Work to be completed: Word for word and without images, reproduce the listing that follows.

Dataset content:
##############################
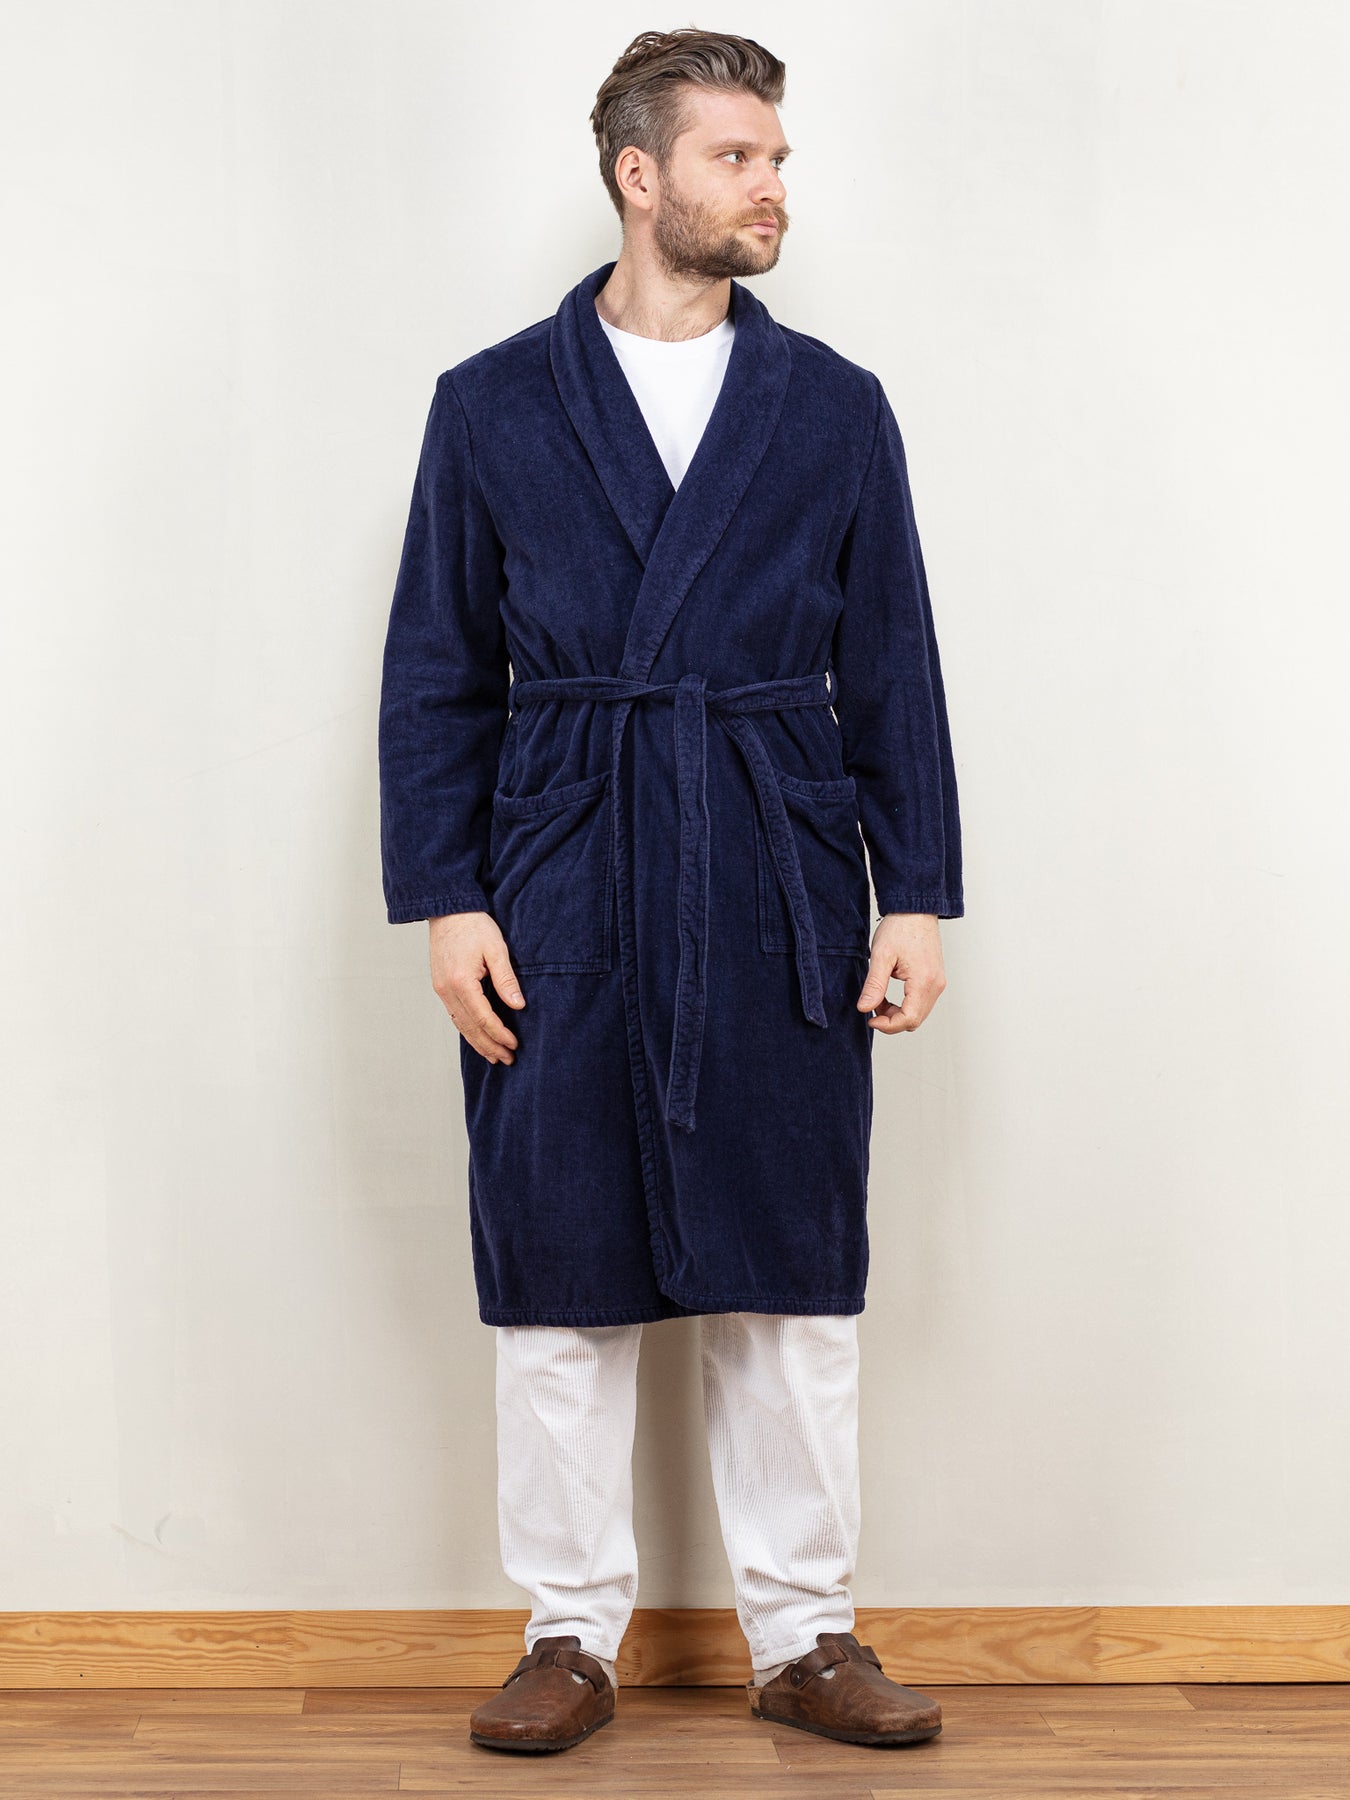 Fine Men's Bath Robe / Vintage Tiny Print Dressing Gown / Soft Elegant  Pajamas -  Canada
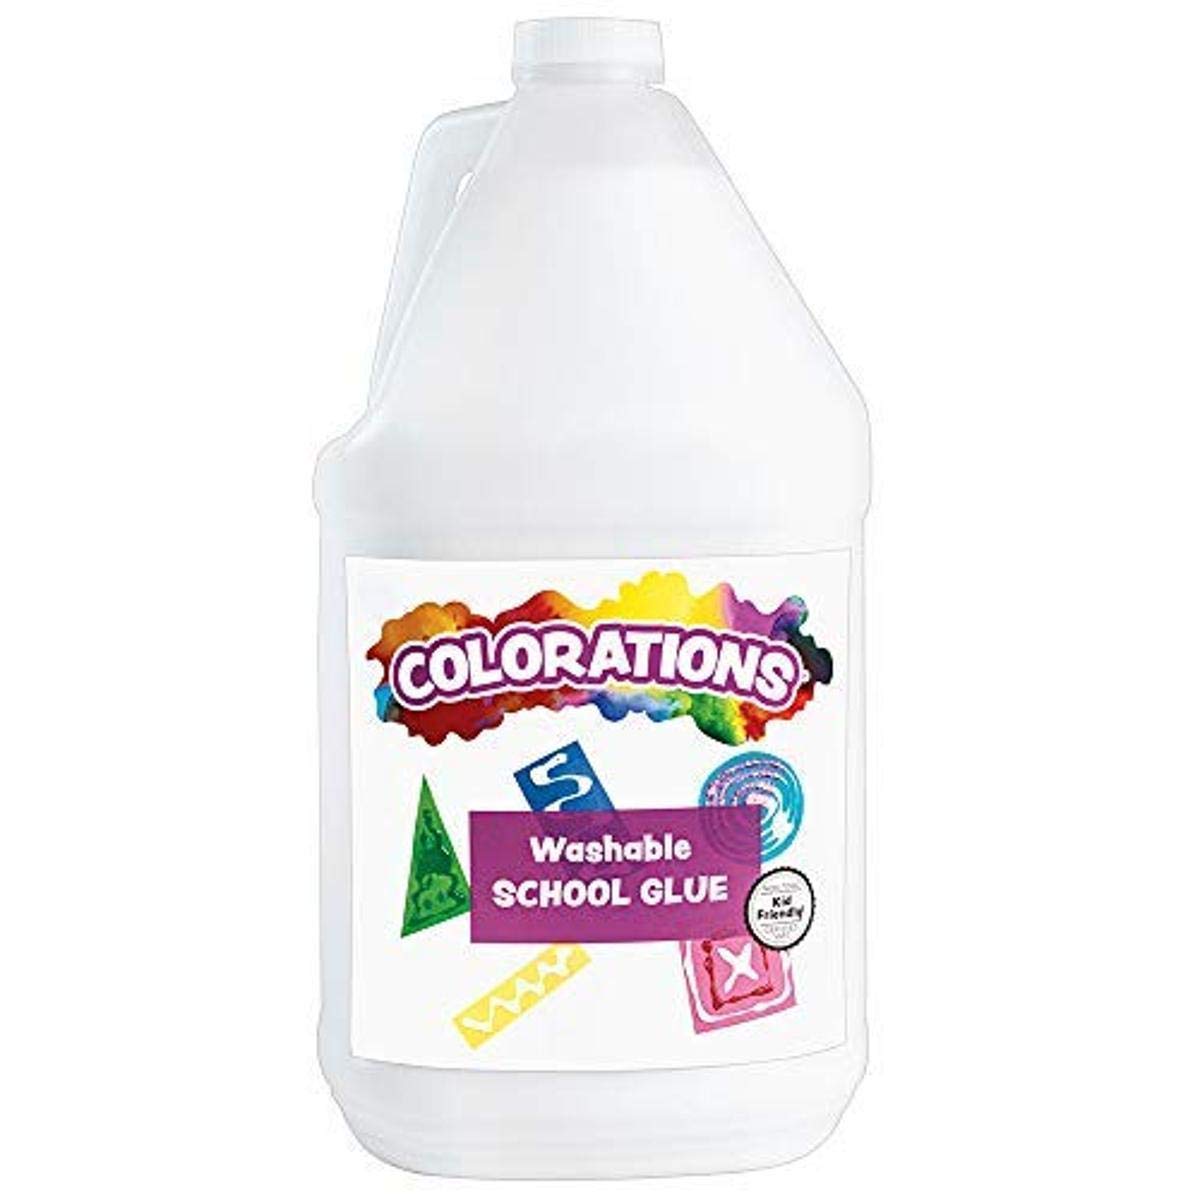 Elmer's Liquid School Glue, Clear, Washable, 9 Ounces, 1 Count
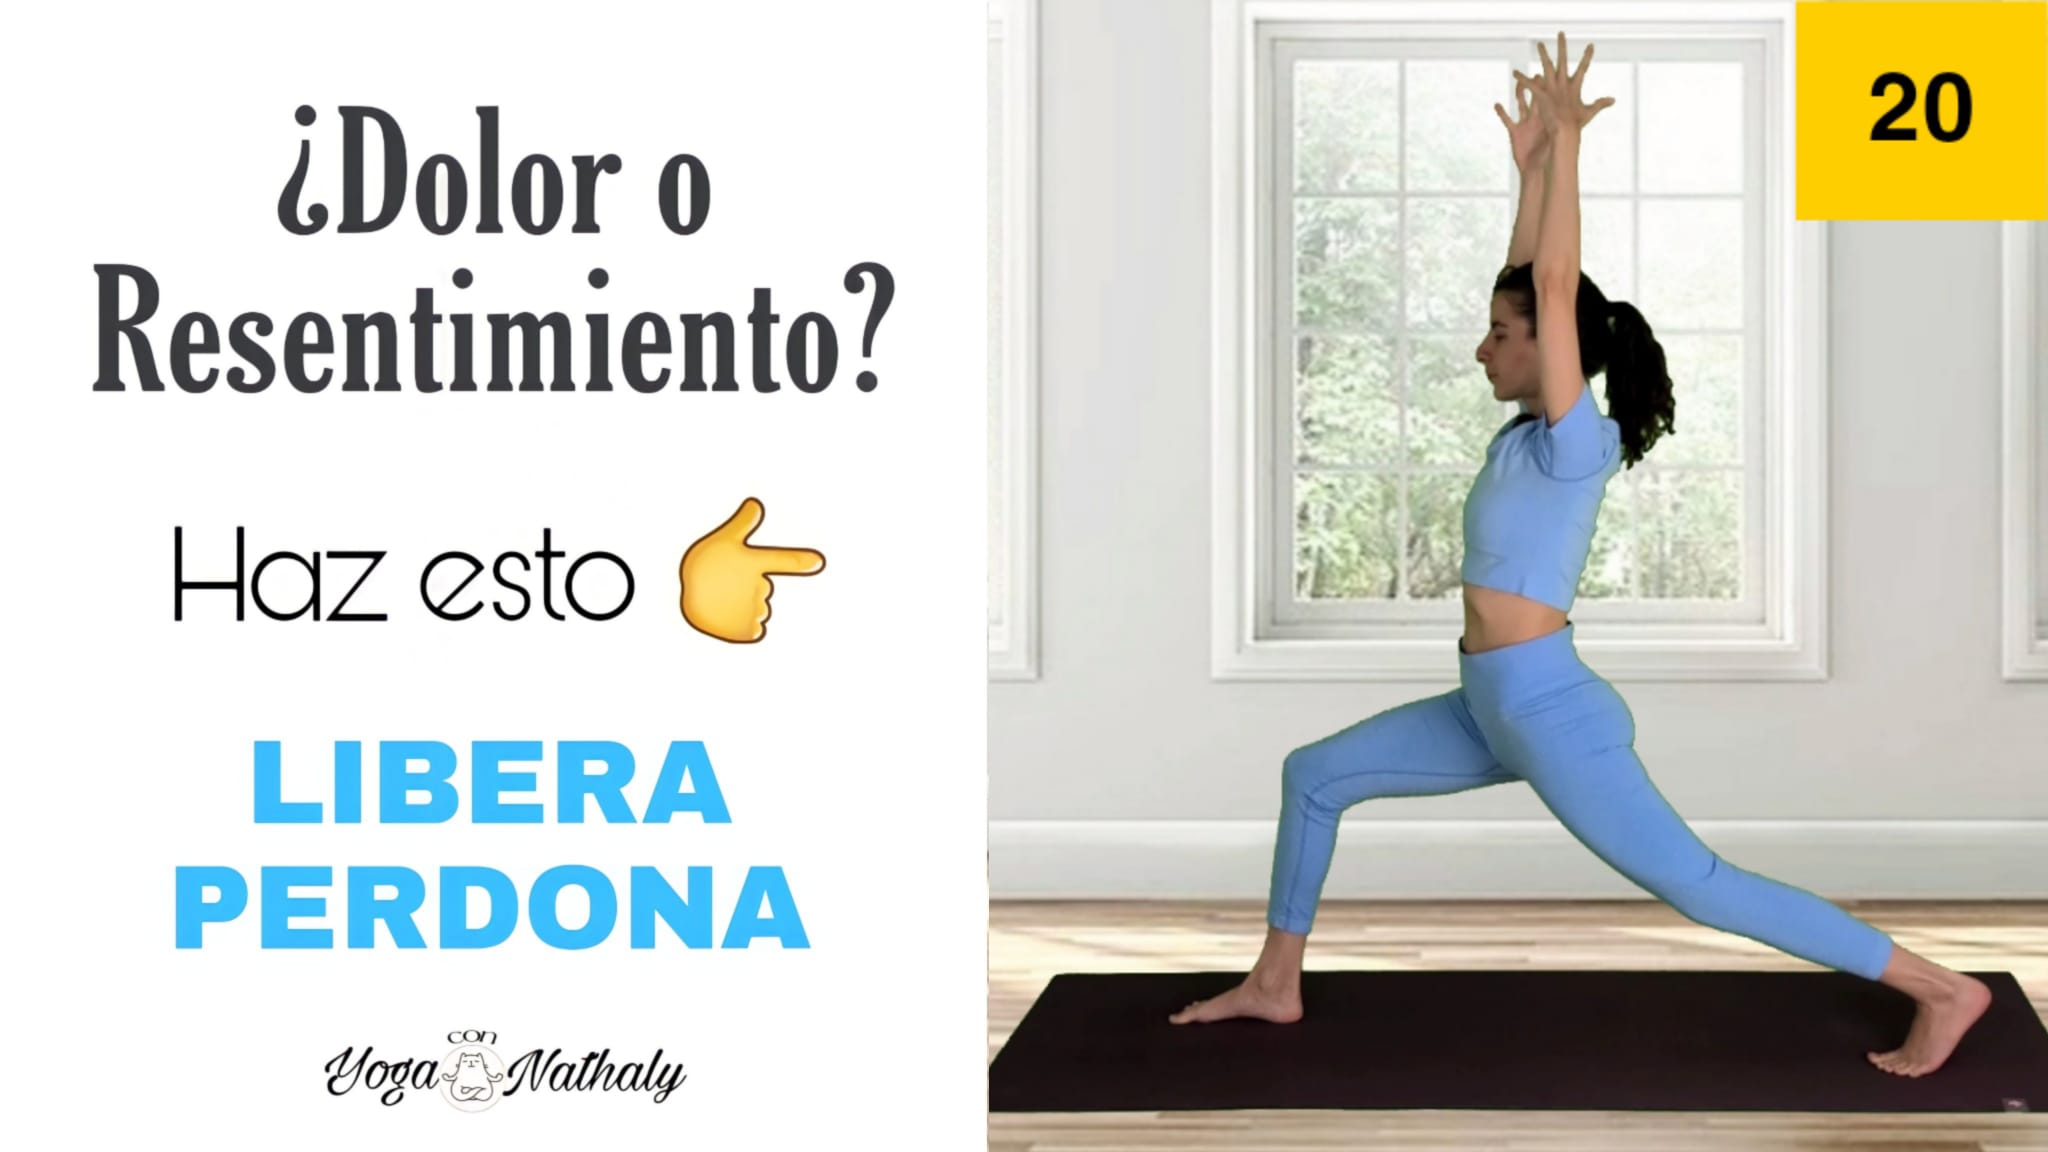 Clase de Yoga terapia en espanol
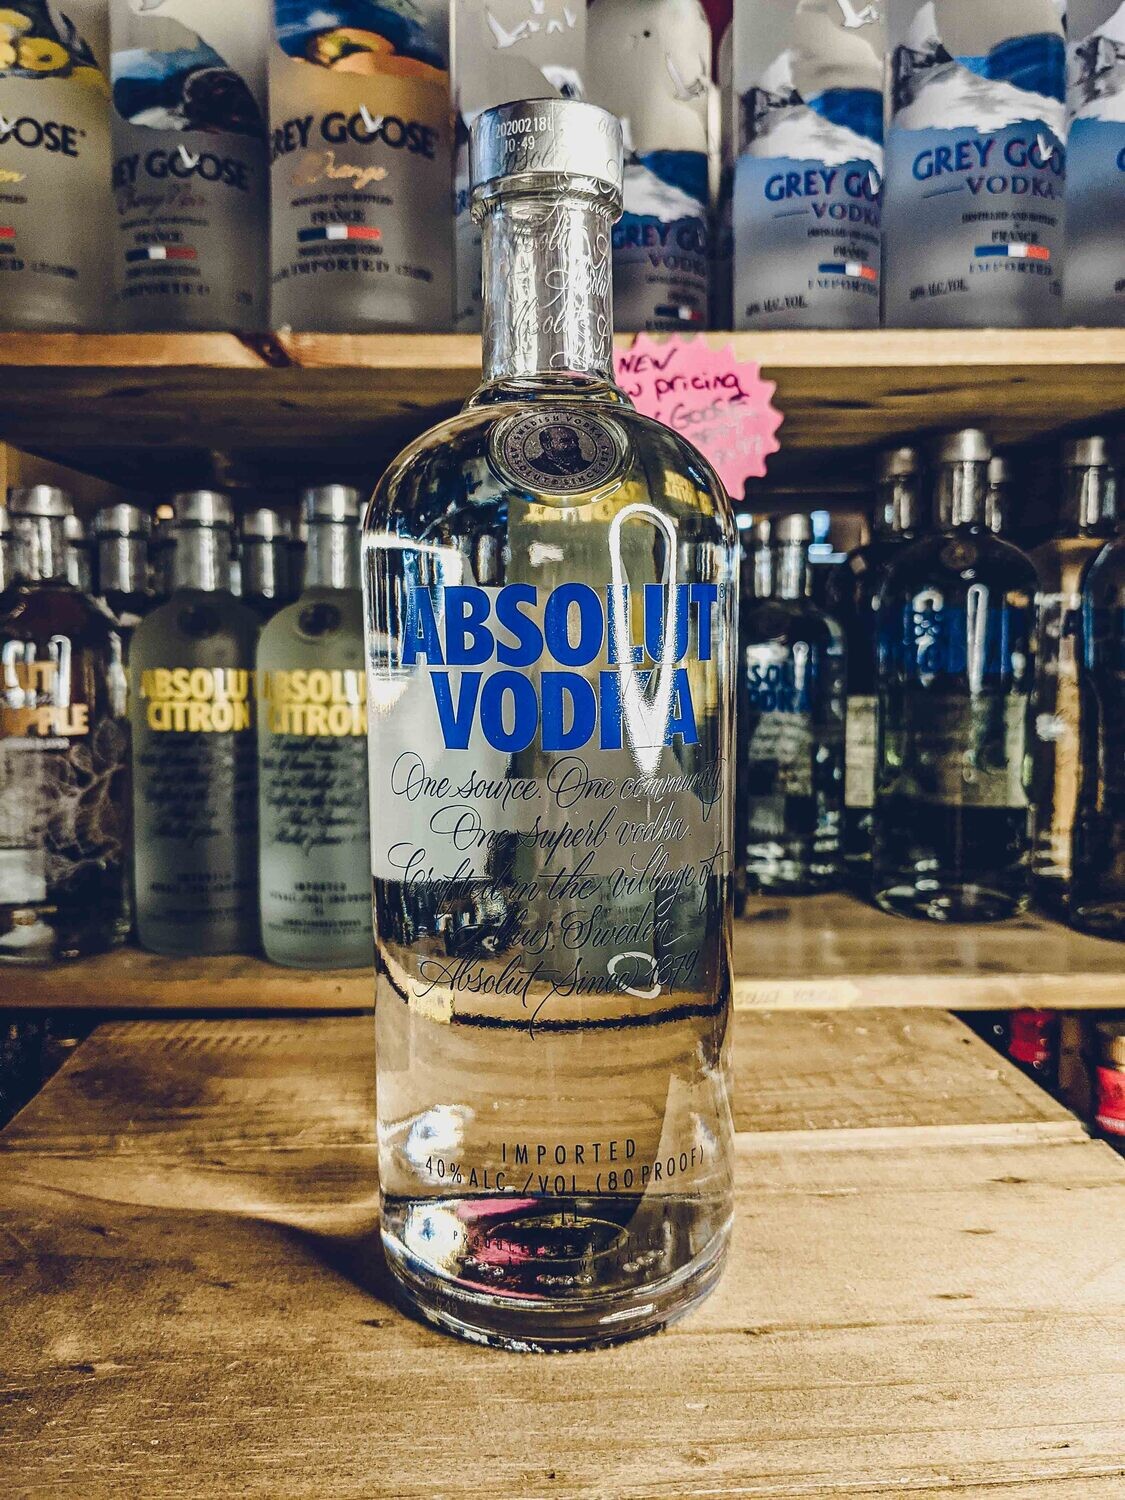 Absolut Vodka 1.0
##############################
Result of this task:
 Fine Men's Bath Robe / Vintage Tiny Print Dressing Gown / Soft Elegant  Pajamas -  Canada
 Elmer's Liquid School Glue, Clear, Washable, 9 Ounces, 1 Count
 Clase de Yoga terapia en espanol
 Absolut Vodka 1.0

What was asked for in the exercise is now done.